* Task brief:
In the material below, write out each line word for word and omit the pictures.

* Supplied data:
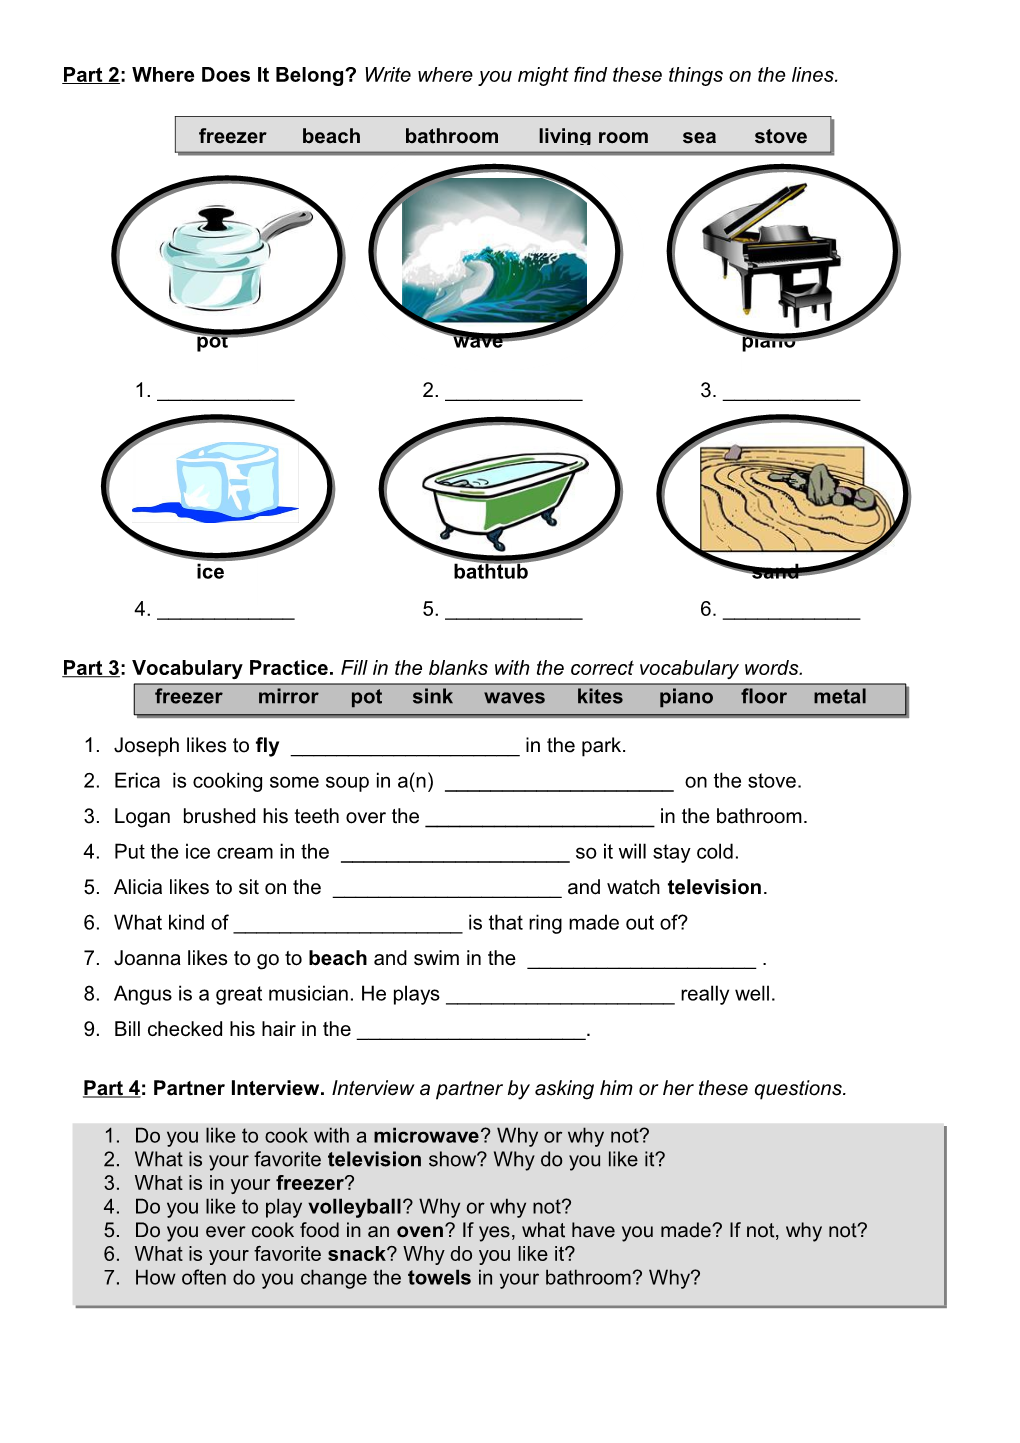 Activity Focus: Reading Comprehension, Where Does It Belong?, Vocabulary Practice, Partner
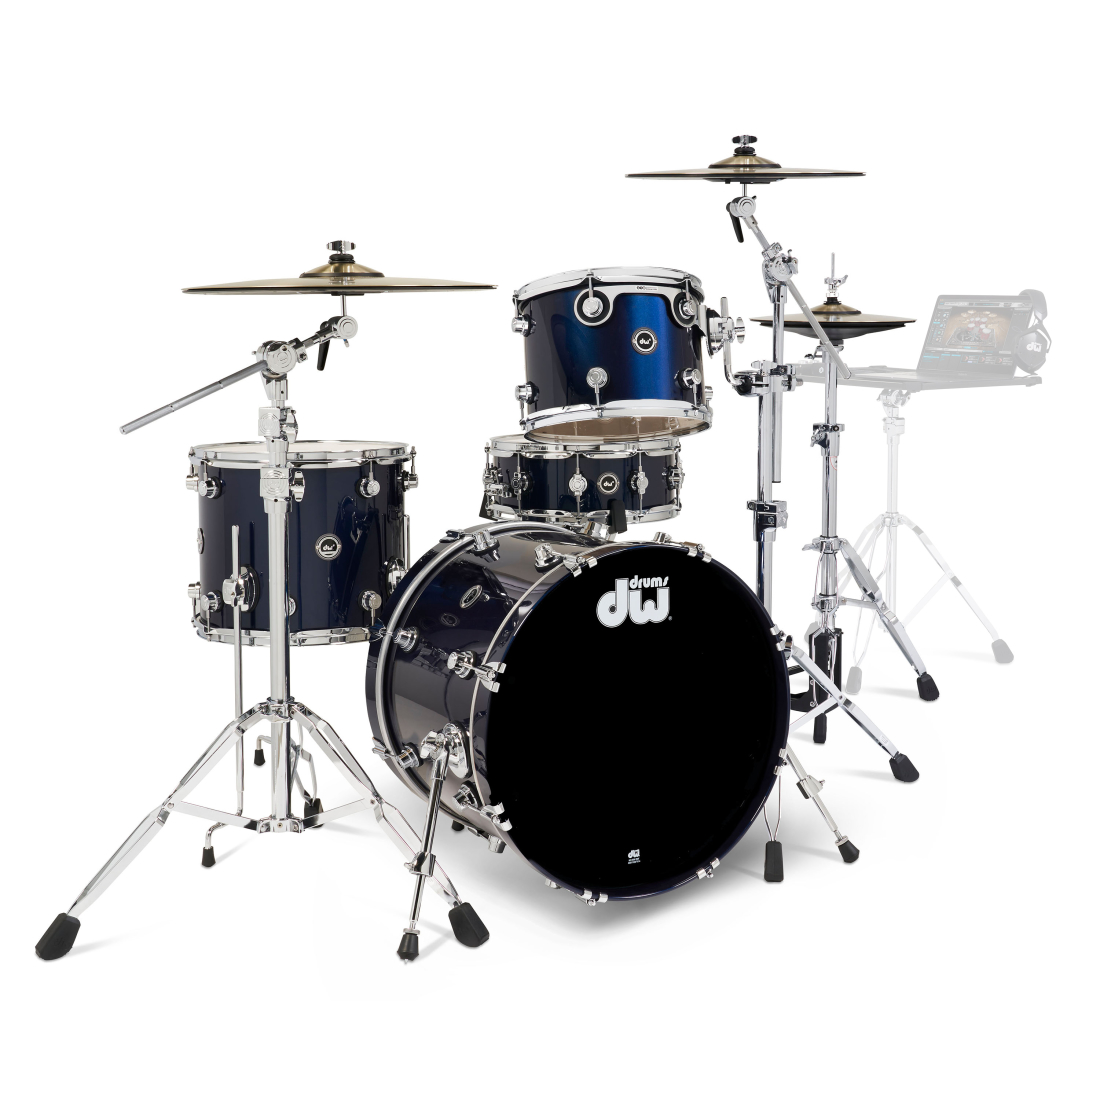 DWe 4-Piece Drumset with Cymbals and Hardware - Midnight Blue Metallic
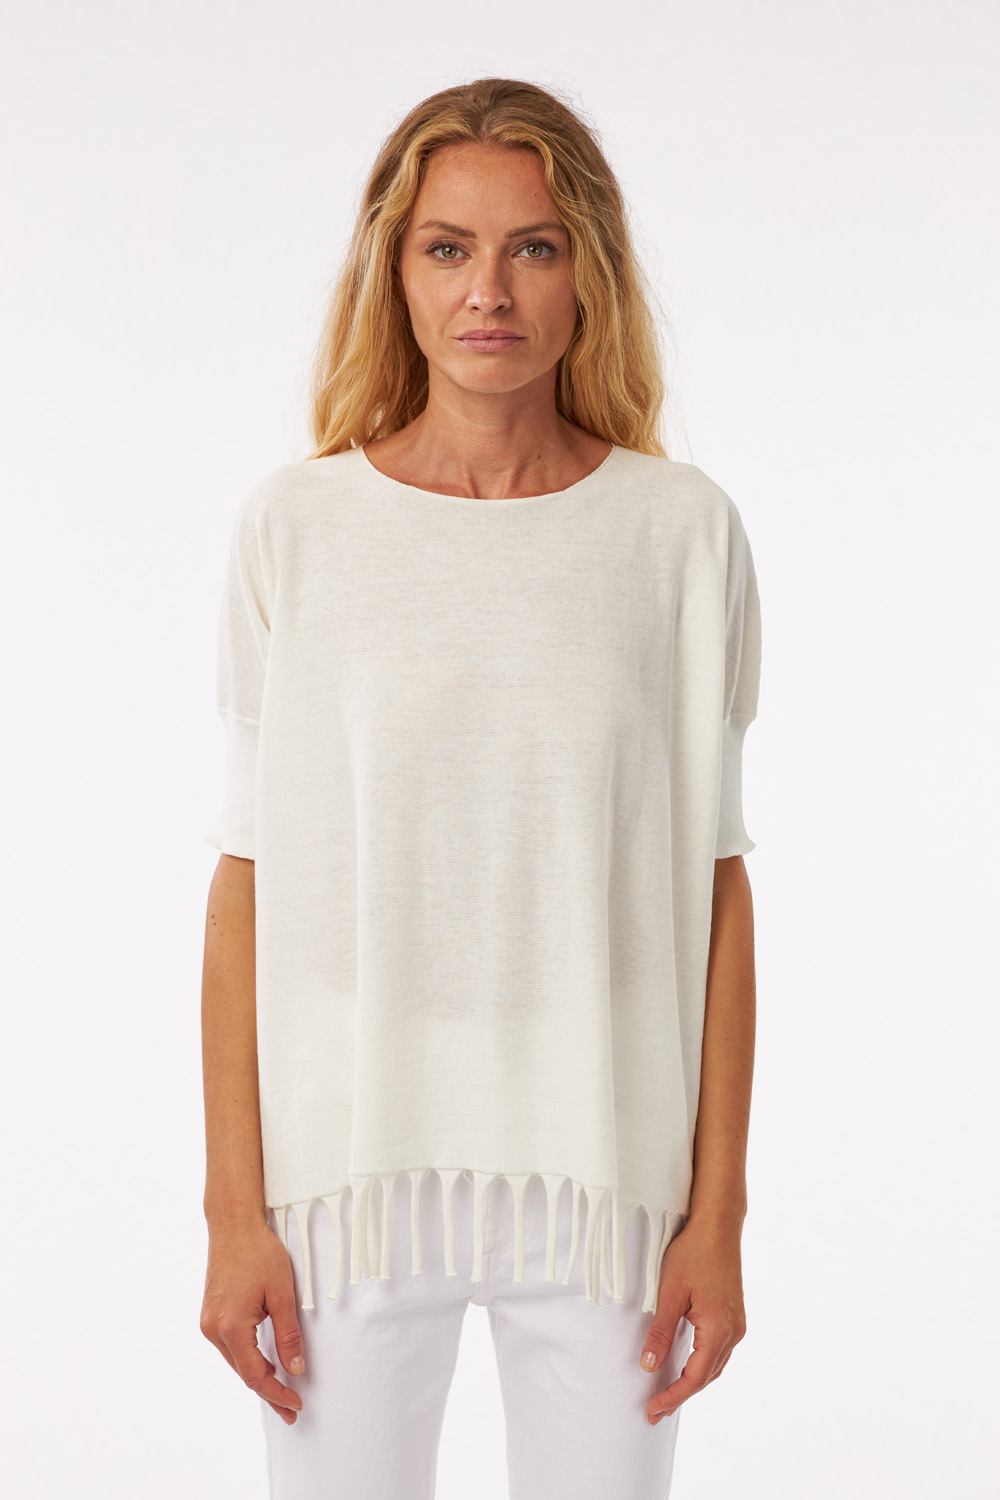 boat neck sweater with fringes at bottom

* Response to this task:
 Activity Focus: Reading Comprehension, Where Does It Belong?, Vocabulary Practice, Partner
 DWe 4-Piece Drumset with Cymbals and Hardware - Midnight Blue Metallic
 boat neck sweater with fringes at bottom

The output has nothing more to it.